Introduction

Rift Valley Fever (RVF) is a viral mosquito-borne disease affecting both food-producing animals and humans, reported in most parts of Africa and the Arabian Peninsula. In some regions, the enzootic reservoir of Rift Valley Fever virus (RVFV) may consist of domestic or wild animals1,2. Following particular environmental conditions (such as heavy rains) and/or introduction to new geographical areas, the virus can then cause large epizootics in food-producing animals, especially ruminants, and may result to numerous spill-over human cases (of all ages) infected by animals via mosquito bites, contacts with infected animals or animal products, or aerosols2,3,4,5. Estimating the burden of RVF epidemics in animals and humans is important to improve disease surveillance and control.

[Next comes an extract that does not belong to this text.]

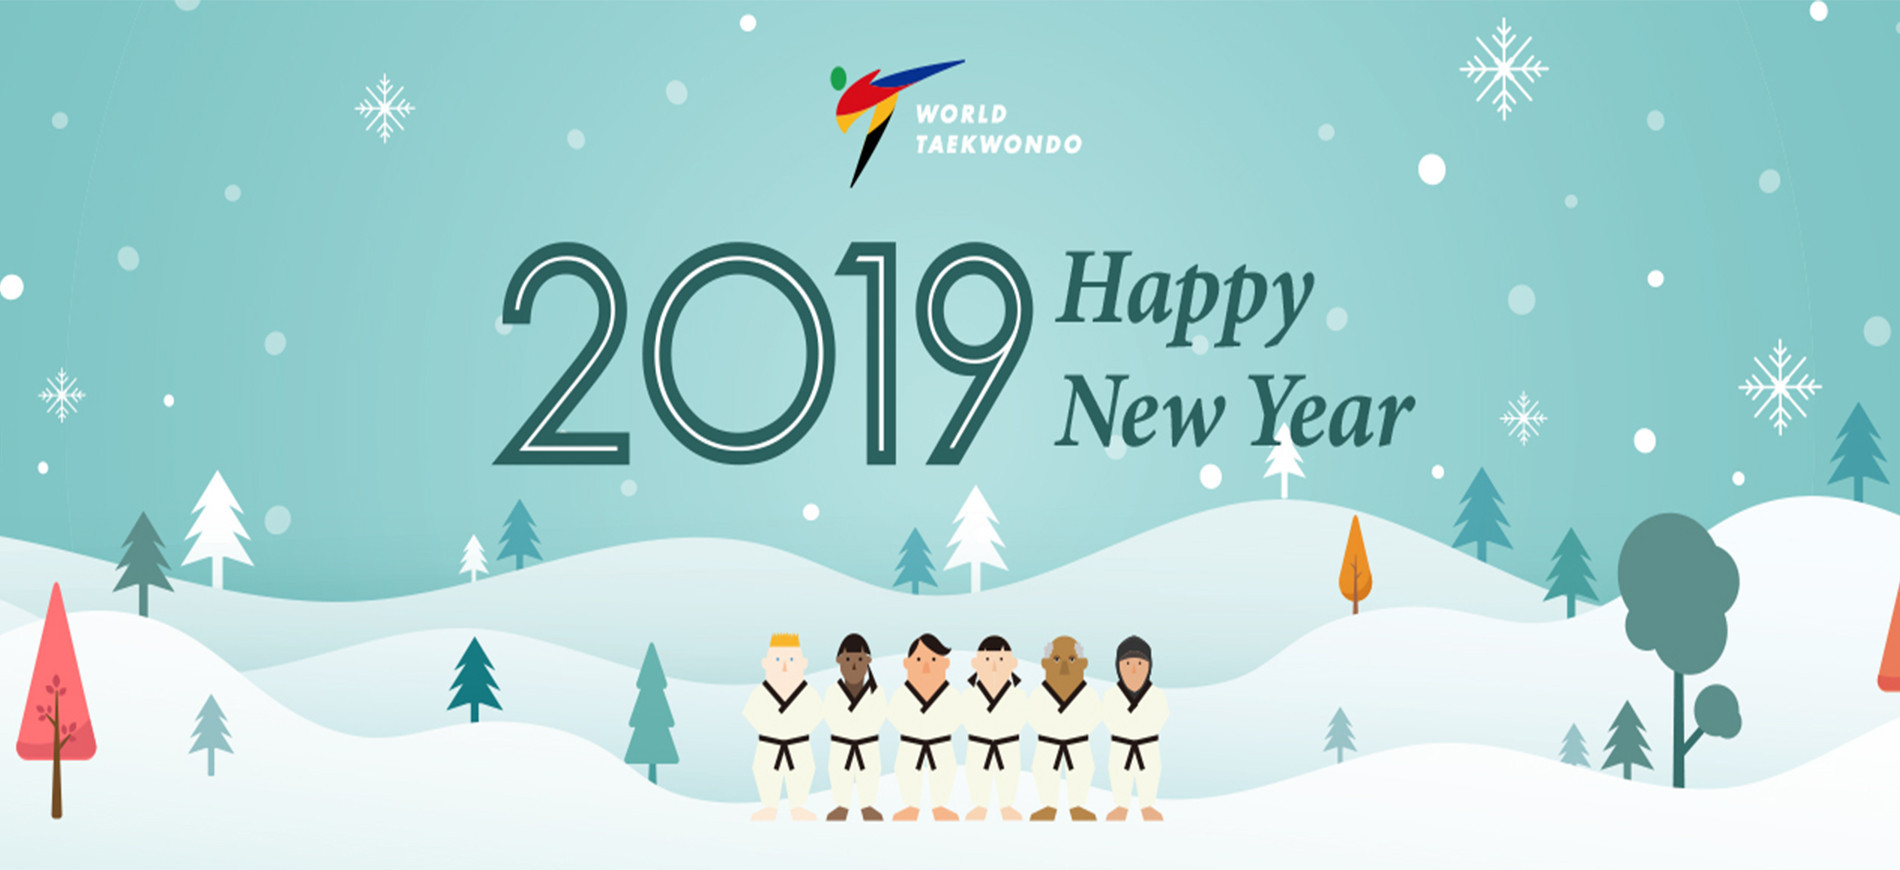 World Taekwondo President Chungwon Choue described 2018 as "tremendous" in his end of year address ©World Taekwondo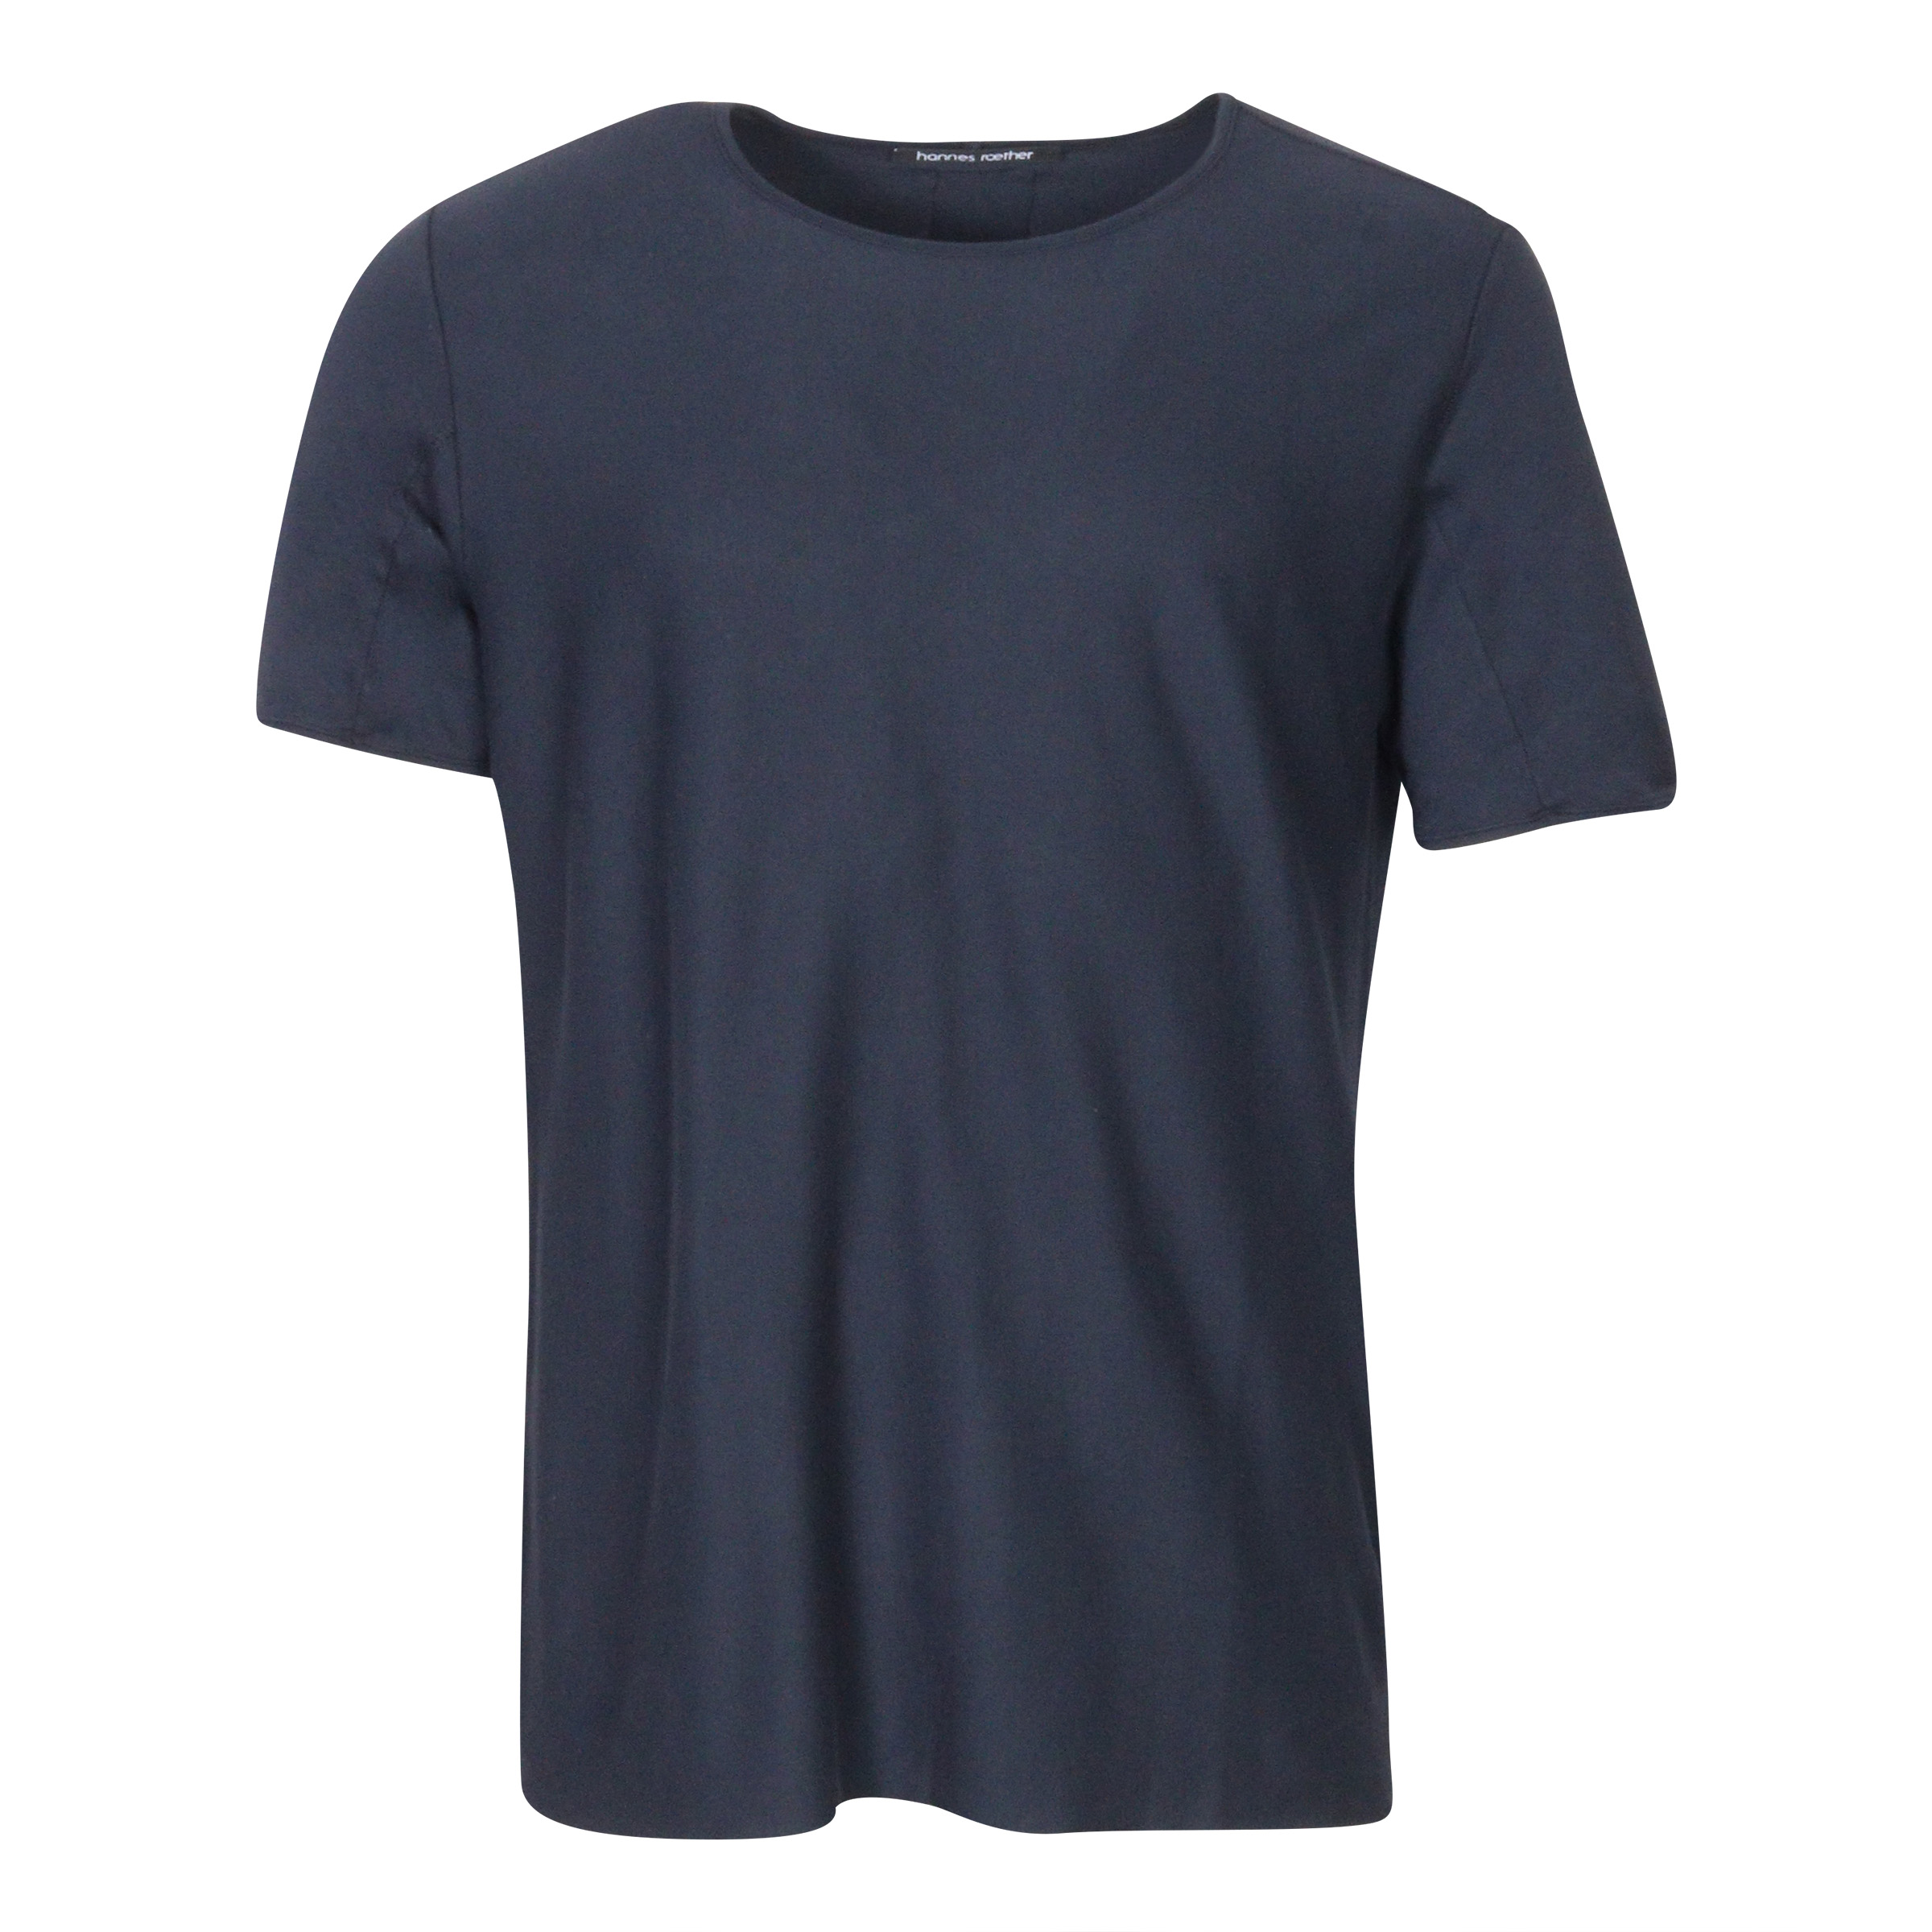 Hannes Roether T-Shirt Dark Blue

In animals, RVF can have serious health and economic impacts, causing high mortality and morbidity (including abortions) in livestock animals, and trade bans on live animals and animal products in affected countries6. In humans, RVF symptoms most often range from asymptomatic to dengue-like forms (febrile illness, myalgia, arthralgia) following an incubation time of 2–6 days2,7,8. But they can in some occasions evolve into more severe forms, such as encephalitis, hepatitis or a haemorrhagic syndrome sometimes leading to death2,9. Yet, the full impact of RVF epidemics on human health has rarely been assessed. Indeed, human RVFV infections are probably under-reported because (i) a proportion of human cases are subclinical, (ii) RVF symptoms are not specific and can be unrecognized, and (iii) RVF often occurs in countries with a poor access to healthcare and/or a poor surveillance system3. In this context, mathematical and statistical models can be of interest to investigate the true burden of infection by combining incomplete surveillance data with other sources of data10,11. In particular, serological data have the advantage to provide biological markers of both symptomatic and asymptomatic previous infections. In previous studies led in various areas of Africa, of the Indian Ocean and of Western and Southern Asia, serological data have been used to determine the proportion of a population exposed to RVFV in the past3,12, to investigate the factors associated with such exposure13,14,15, and to model epidemic dynamics1,16,17.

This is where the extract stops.